THE number of high risk offenders being monitored in Scotland under public protection arrangements is staggering. By last year there were more than 5000 registered sex offenders, while such schemes already cover mentally disordered offenders released from settings such as HMP Carstairs.
The addition to police databases of serious violent offenders, mostly those posing a risk to women such as serial domestic abusers, has increased pressure on the system.
The so-called Mappa scheme (multi-agency public protection arrangements) now covers all the above. Recognition of a need to plan for the future lay behind a 2015 report from inspectors which called for change. The same inspectors - from the Care Inspectorate and police watchdog HMICS - say that two years on progress is limited and in some cases slow.
Crucially, many criminal justice social workers remain unable to access the UK-wide ViSOR database of violent or sexual offenders.

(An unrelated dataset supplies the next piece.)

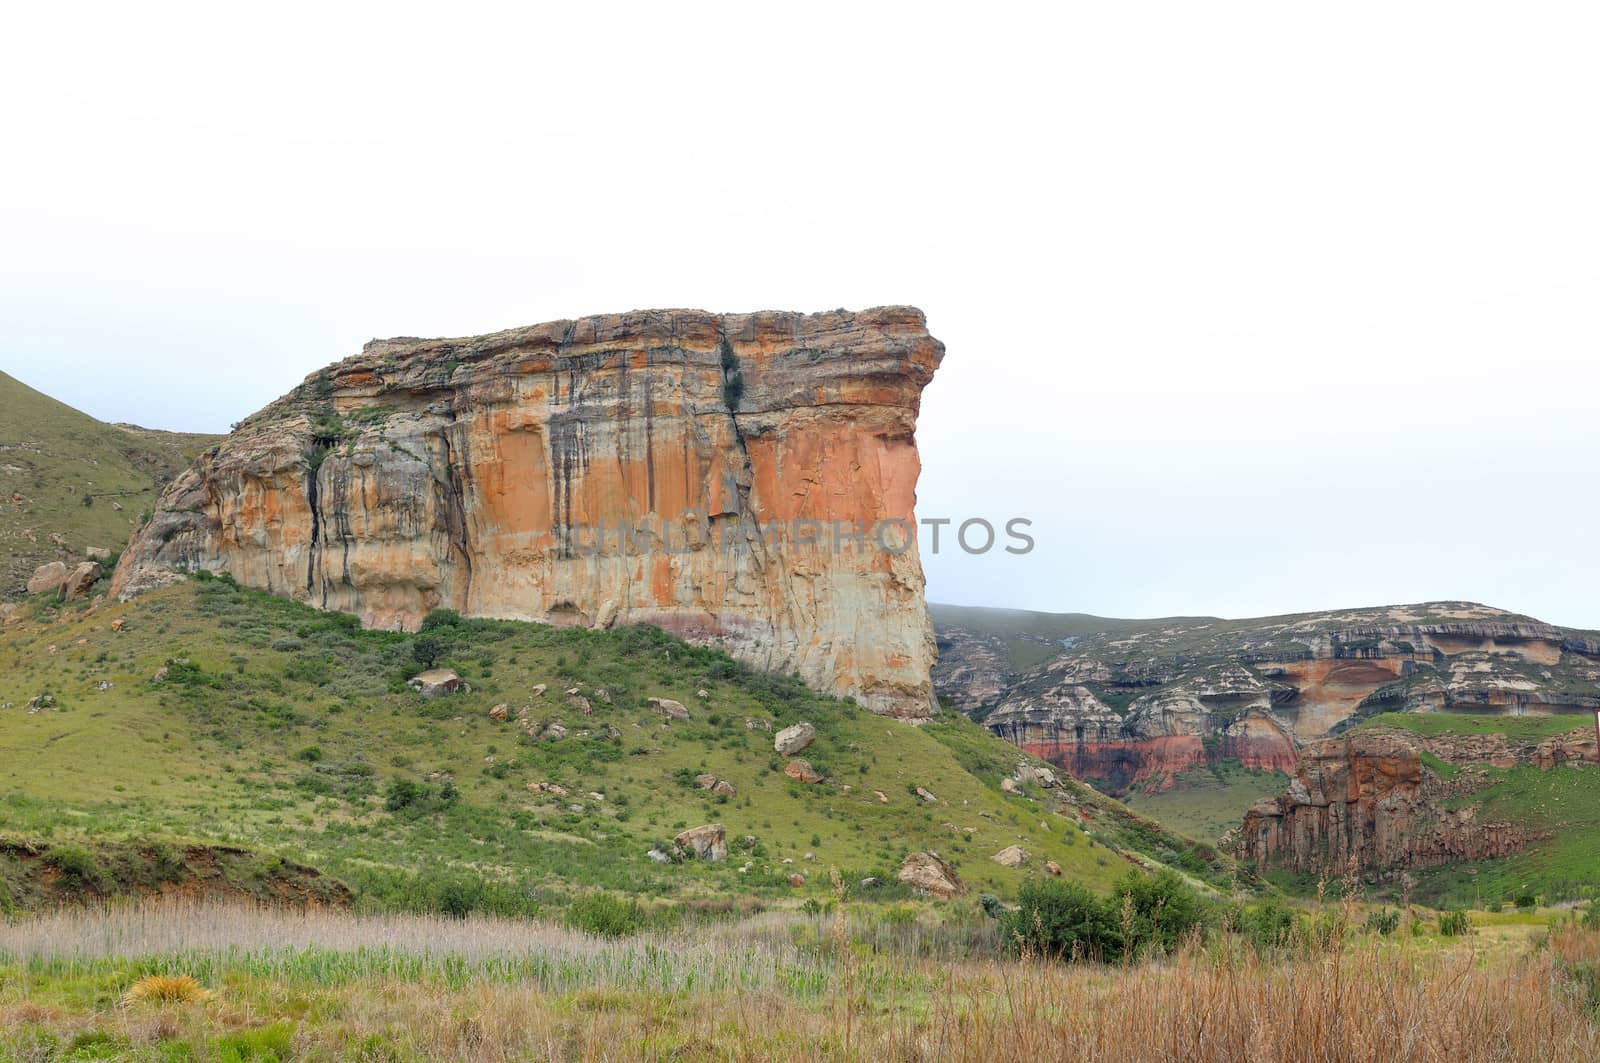 Red, orange and yellow sandstone cliffs in the Golden Gate Highlands National Park, South Africa

Workarounds ensure records are kept up to date, with police inputting information from social work. But it is unacceptable that this problem continues, especially as a wariness among social workers about being vetted by police is one of the issues blamed for the delay. So much for multi-agency collaboration.
Meanwhile social workers who lack the skills, software or confidence to gather evidence from computers, laptops and phones rely on police to do so.

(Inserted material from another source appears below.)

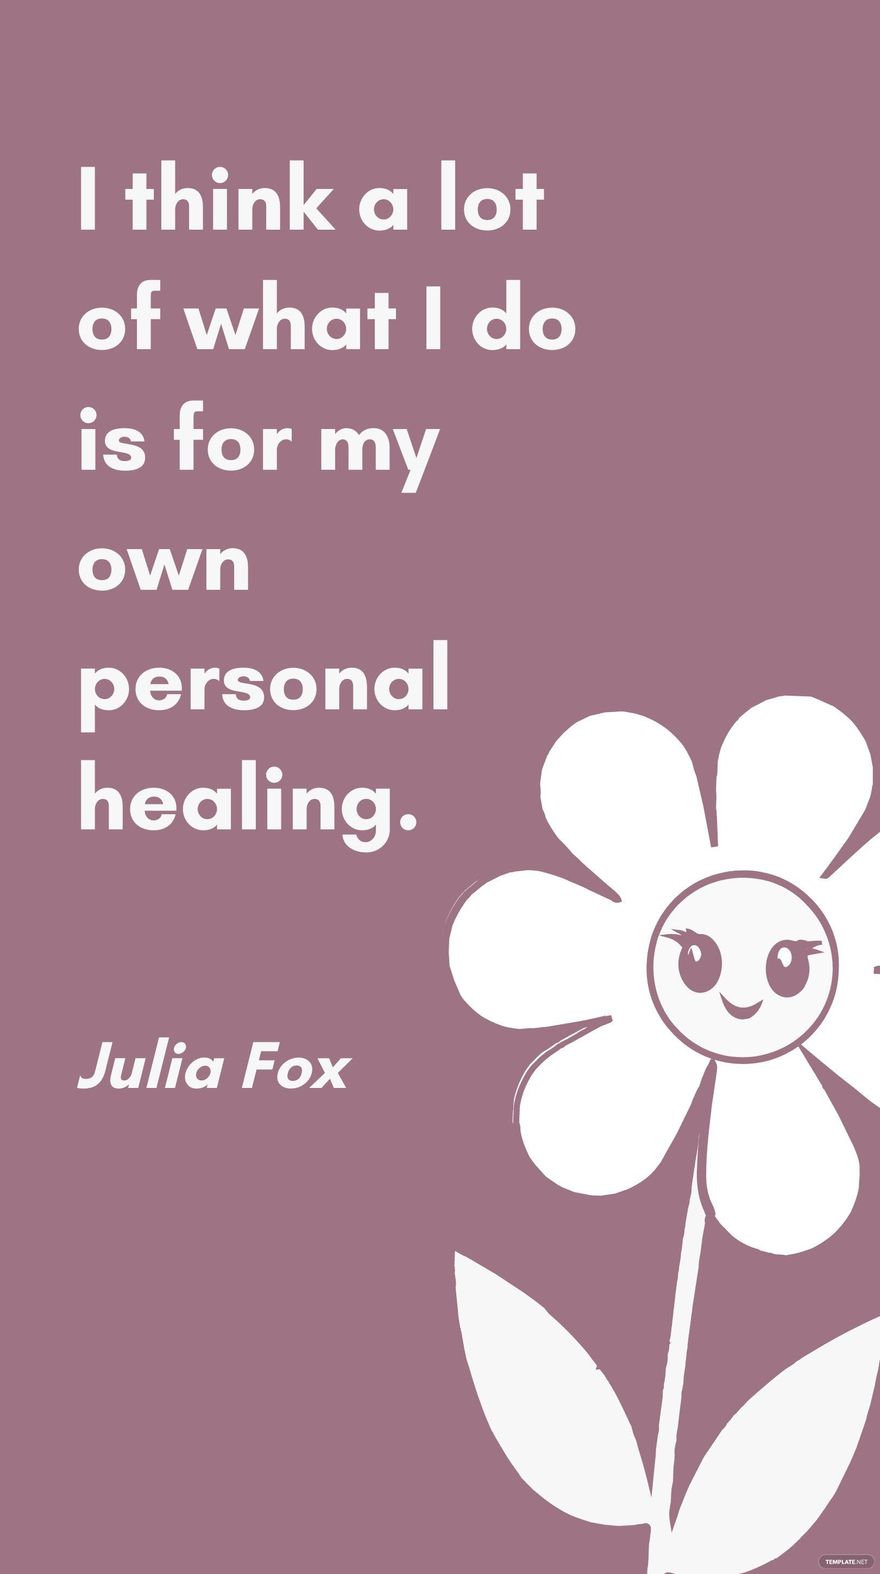 Free Julia Fox - I think a lot of what I do is for my own personal healing. in JPG

The Scottish Government was to do more to help staff to monitor the social media use of registered offenders, but after two years a lack of progress is blamed on a vacancy for the role of specialist social work advisor. This too is not good enough and suggests a lack of urgency.

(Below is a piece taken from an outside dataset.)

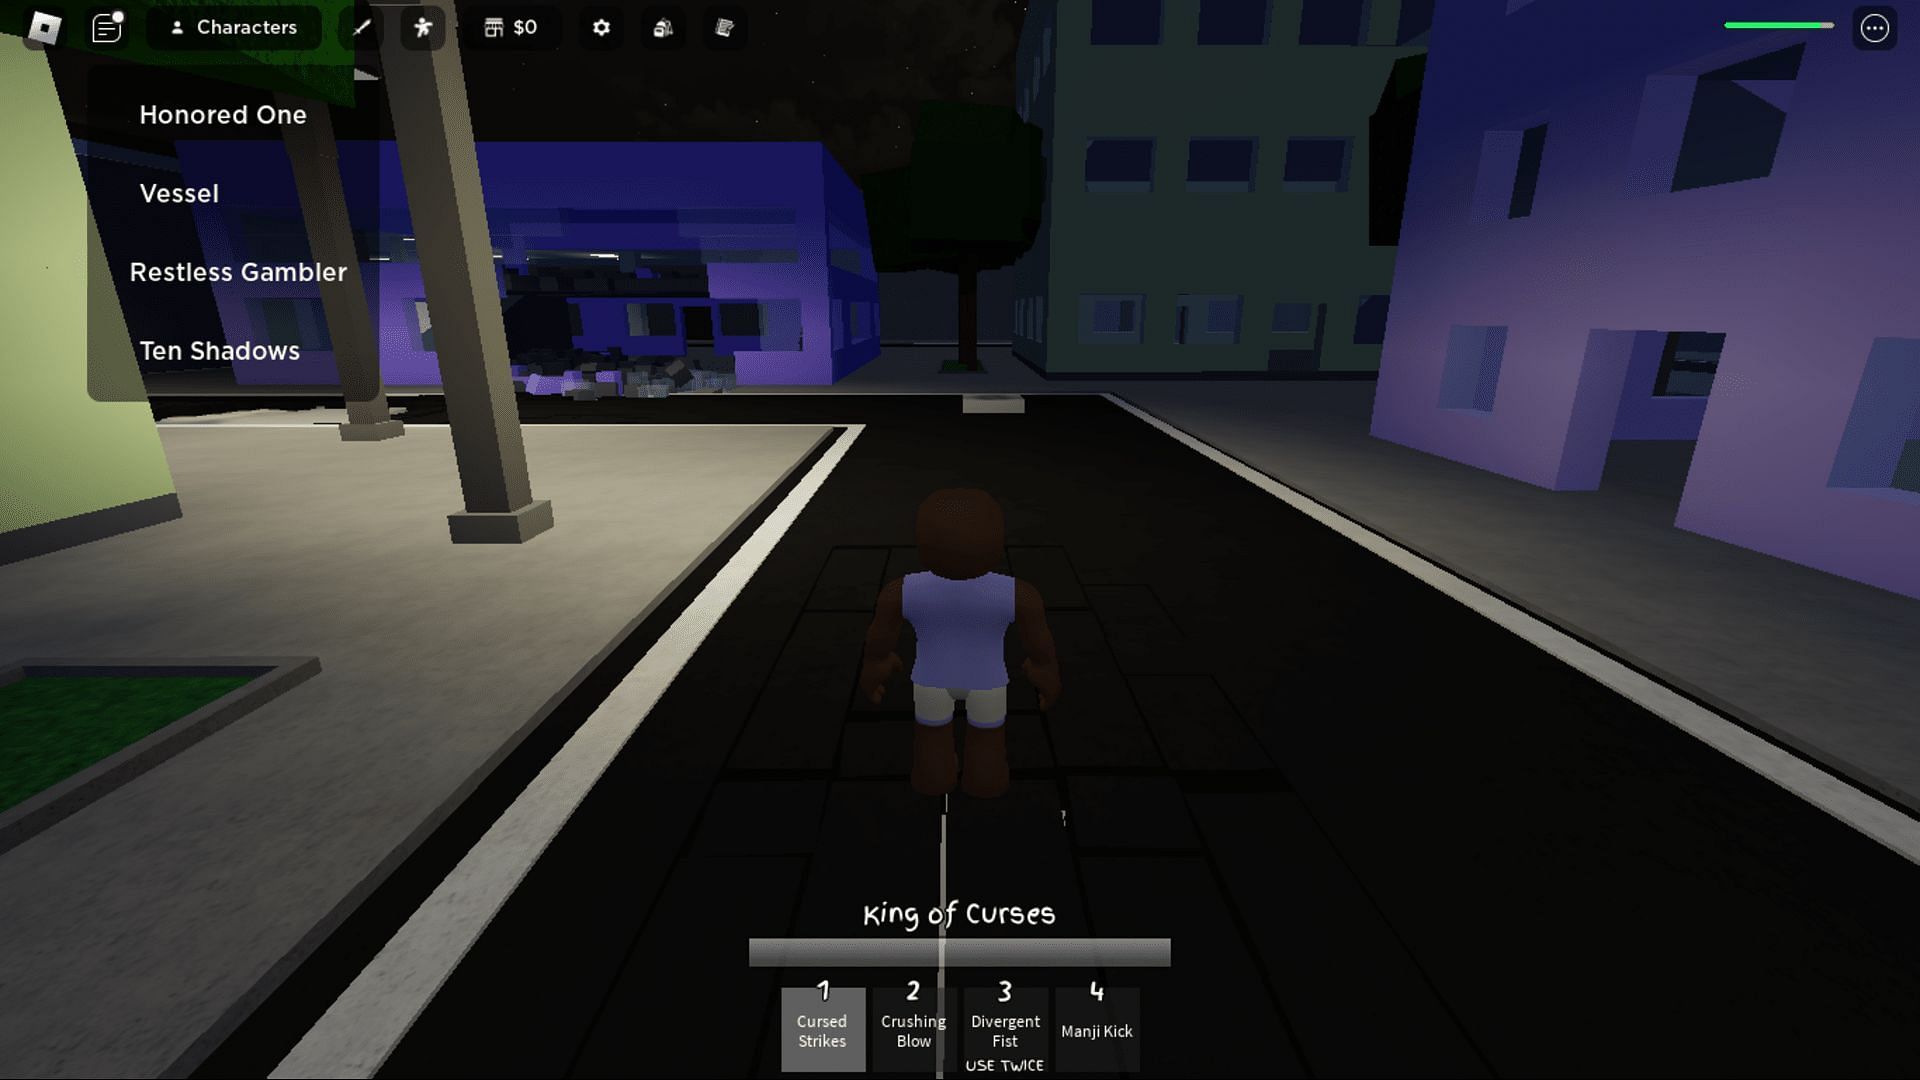 All characters in Jujutsu Shenanigans (Image via Roblox)

But the increasing numbers being monitored under Mappa raise a bigger issue, according to lead inspector for HMICS Stephen Whitelock: whether all those we place on the sex offenders register need to be there.
This is a difficult but important question. As the numbers being monitored expand, it becomes harder to be confident that those who really pose a risk are being properly managed. Logically, we know that not everyone on the sex offenders register is dangerous. There have been celebrated examples of teenagers placed there for sending a naked picture to a boy or girlfriend - reprehensible, but hardly calling for lifelong monitoring.
But there are also adults for whom downloading images appears to be a compulsion. As police point out, every picture is a crime scene and their actions are not victimless. However treating them as a paedophile who will physically abuse children is not necessarily the best approach.
Many people would baulk at the suggestion by Mr Whitelock that they such offenders may be better dealt with by health services than the police. But the question is worth asking. We must be sure that numbers which can seem overwhelming, do not overwhelm the agencies responsible for keeping children, families and communities safe.